Predictors of Selection of K65R Mutation: Tenofovir Use and Lack of Thymidine Analogue Mutations

The rate of K65R increased from 0.6% in 1999 to 11.5% in 2004. The recognition of K65R correlated negatively with the presence of thymidine analogue mutations (TAMs) but positively with Q151M.

High rates of early virological failure associated with the emergence of the K65R mutation at the HIV-1 reverse transcriptase gene have recently been reported among HIV-infected patients on tenofovir-containing triple nucleos(t)ide regimens.

Data from large genotypic databases have shown that K65R is quite uncommon, although its rate might be increasing. K65R is selected in vitro by tenofovir, zalcitabine (Hivid), didanosine (Videx), stavudine (Zerit) and abacavir (Ziagen).

In vivo, tenofovir, abacavir and didanosine have been shown to select the K65R mutation. Although K65R reduces the susceptibility to tenofovir and to a lesser extent affects the activity of other nucleoside analogues such as abacavir, didanosine and lamivudine (Epivir), it retains the activity of zidovudine (Retrovir).

Therefore, viruses carrying K65R show broad cross-resistance to nucleos(t)ide reverse transcriptase inhibitors.

Data about the rate of K65R and its association with other nucleoside analogue resistance mutations are scarce. In the present study, researchers describe the rate of K65R in a large database of genotypic drug resistance reports in a reference hospital in Madrid, Spain. Its association with other reverse transcriptase resistance mutations is further described.

Results

A total of 53 specimens showed K65R, providing an overall rate of 2.9%. None of drug-naive individuals showed K65R. The rate of K65R significantly increased over time among treatment-experienced patients, from 0.6% in 1999 to 11.5% in the first trimester of 2004.

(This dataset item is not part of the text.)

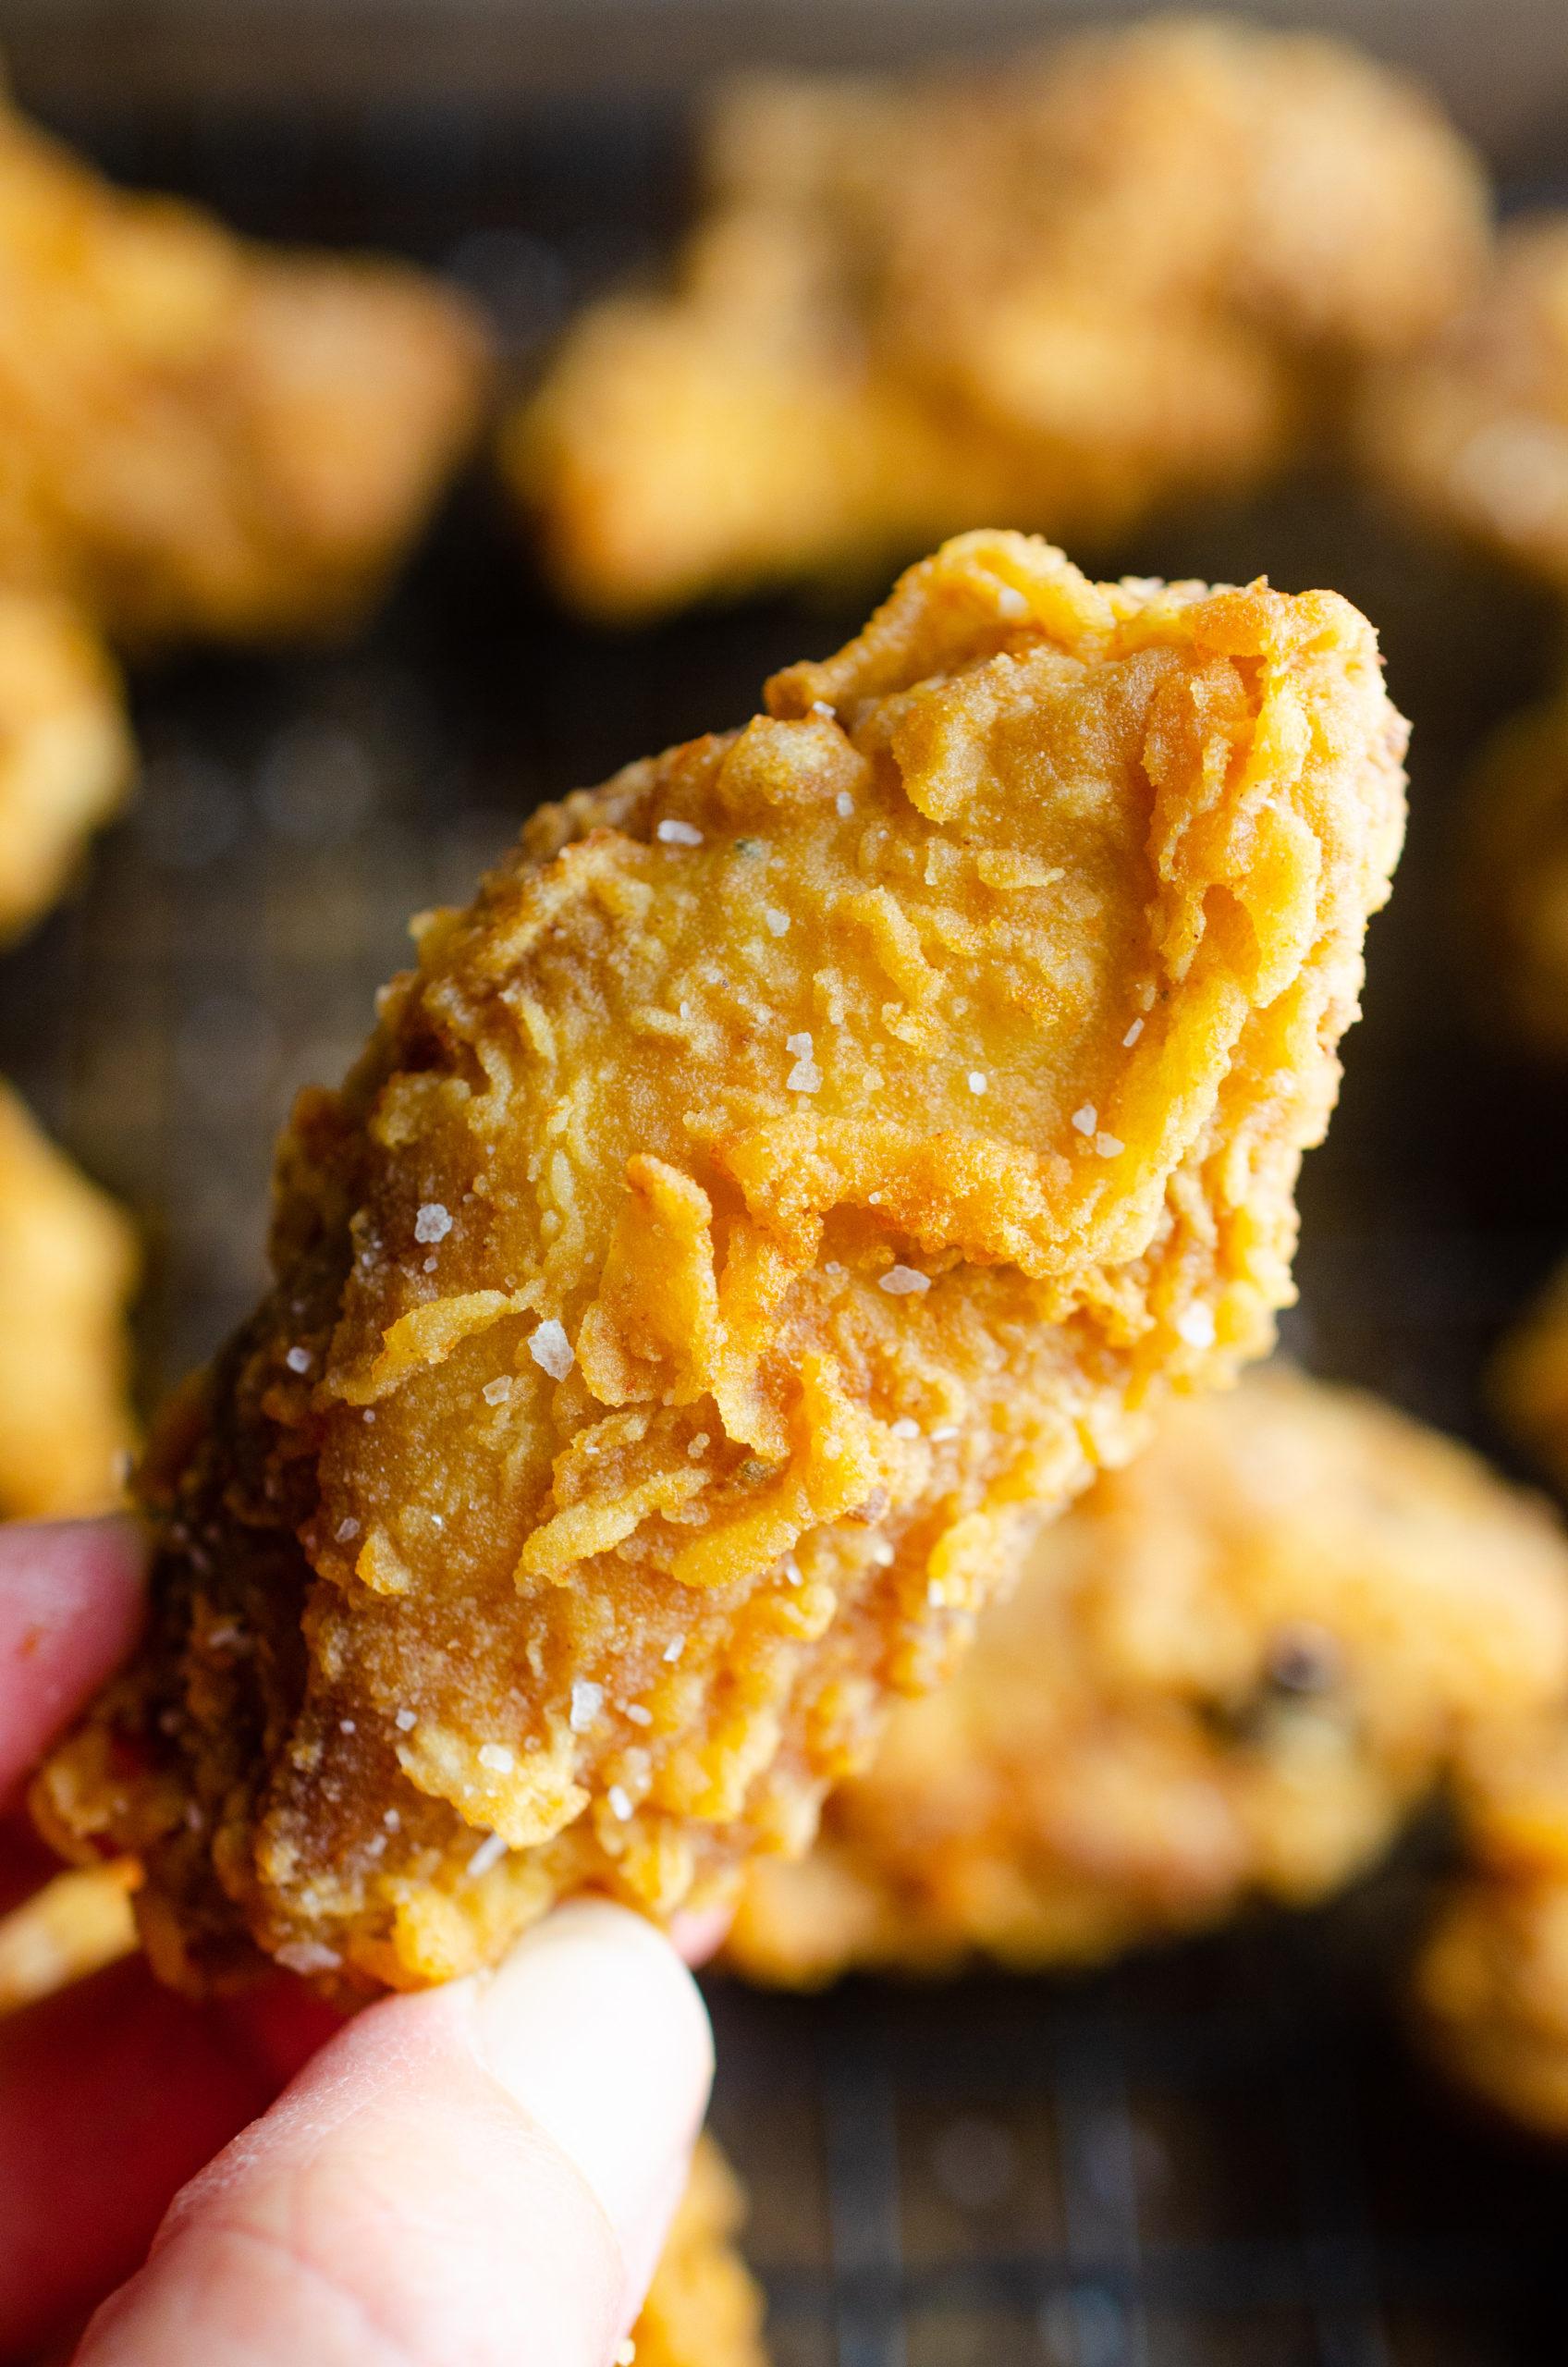 Chicken wings seasoned with blackening seasoning.

As other groups have shown, the selection of K65R is significantly associated with the use of tenofovir. The incidence of this mutation has increased in recent times, presumably as a result of the increasing use of tenofovir in clinical practice.

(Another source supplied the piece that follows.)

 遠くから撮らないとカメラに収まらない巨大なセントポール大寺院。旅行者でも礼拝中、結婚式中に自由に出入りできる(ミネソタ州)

However, as was shown in our study, other nucleoside combinations may also favour the selection of K65R, although it appears to occur more rarely. In our analysis, K65R was particularly frequent among patients failing tenofovir/didanosine-based combinations, but this may indirectly reflect the fact that a large group of patients in our institution have been exposed to this combination during the past 2 years.

The frequent selection of M184V along with K65R results in a novel multi-nucleoside-resistant genotype, although it may provide in vitro an increased susceptibility to zidovudine and perhaps to stavudine.

Clinical data are needed to clarify to what extent the K65R+M184V genotype compromises the activity of nucleoside analogues. This information may be particularly relevant given that tenofovir is now widely used with lamivudine, and single pills containing tenofovir and emtricitabine (Emtriva) are expected to be available soon.

Conclusions

In conclusion, the authors write, “The rate of K65R has increased significantly over the past 5 years among treatment-experienced patients, and currently is above 10%. This fact is directly related to the wide use of tenofovir in clinical practice.”

“Given the antagonism between K65R and TAM, further clinical studies assessing the benefit of using combination nucleoside analogues driving these different resistance pathways should be conducted.”

Service of Infectious Diseases, Hospital Carlos III, Madrid, Spain.

10/18/04

Reference
L Valer and others. Predictors of selection of K65R: tenofovir use and lack of thymidine analogue mutations. AIDS 18(15): 2094-2096. October 21, 2004.